I am so happy they let us take him home, and my face is getting new laugh line wrinkles around the eyes from smiling bigger than my face has ever done as an adult. I’ve never smiled so large because I couldn’t help it that I recall- not without laughing. More often than not, the really big smiles I remember were a bit or a lot more “put on.” Alister smiles at me, and like my hair blowing back helplessly from the rushing wind- I can not help but feel my own cheeks in my own ears. It is as though my face is finally strong enough to lift all of it’s heavy burdens.
Well it’s about 7:00 AM Central, I’ve got the coffee at the perfect temperature, and I think I’m going to head across to the other computer (where my email still works) and finish doing my taxes so I can knock Amber’s out and just MAYBE get to work without any worry of work still undone; painfully close to a deadline. Before I go though, I would like to mention that this is the exact sort of undeniably important thing that winds up taking time away from creating stuff, which is a real drag for creative people who want to spend as much of their time as possible making something artfully. It always feels like the better place to be, given the choice between that and getting back to work, back to business, back to adulthood and all that.

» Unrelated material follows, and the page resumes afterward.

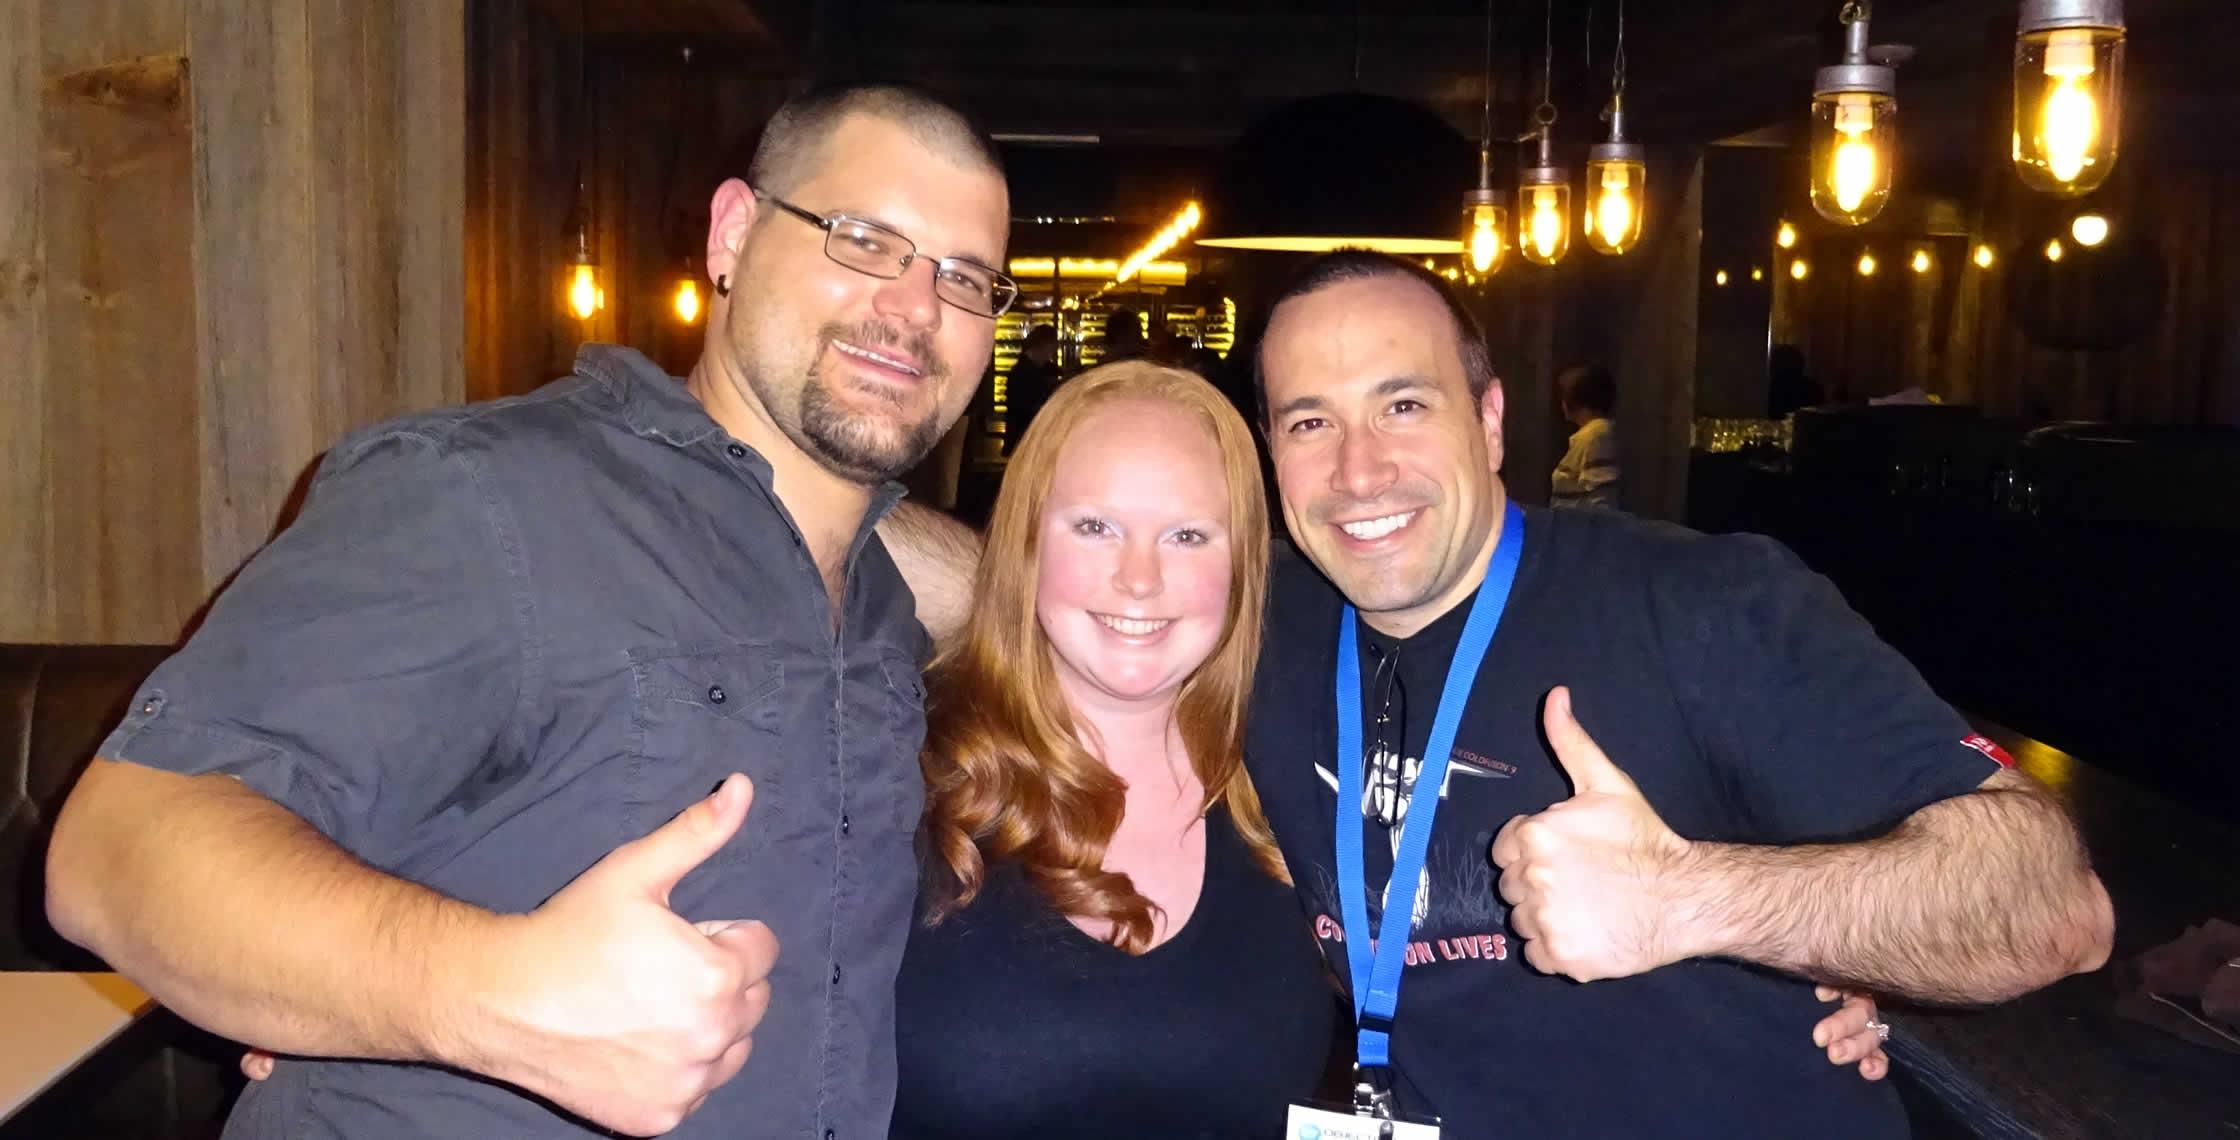 Ben Nadel at cf.Objective() 2014 (Bloomington, MN) with: Josh Siok and Megan Siok

Alister’s alarm went off, indicating his food is done- so I just got up to shut it off and make sure there were not any kinks in the line. I checked on Amber, who is mostly still asleep with a sleeping mask on, blissfully unaware of the sunlight coming up that breaks both morning and any chance of me sleeping until darkness- regardless how tired I am… which at the moment is very, though not nearly as bad as recently. I’ve been coming home from even short work days feeling completely dragged out and in need of rest and recovery. I’ve been trying to be healthier or even healthy lately in effort to get a bunch of this pain and lethargy out of my daily life. I’ve been feeling a little bit of it going away more and more each day, and some of my focus and spontaneous talent re-emerging. That is both exciting to realize, and dull to feel forced to walk away from. For instance; I would love to write more to you at this very moment, though instead- I’m going to stop dilly dallying and go back to the Mac to attack my taxes.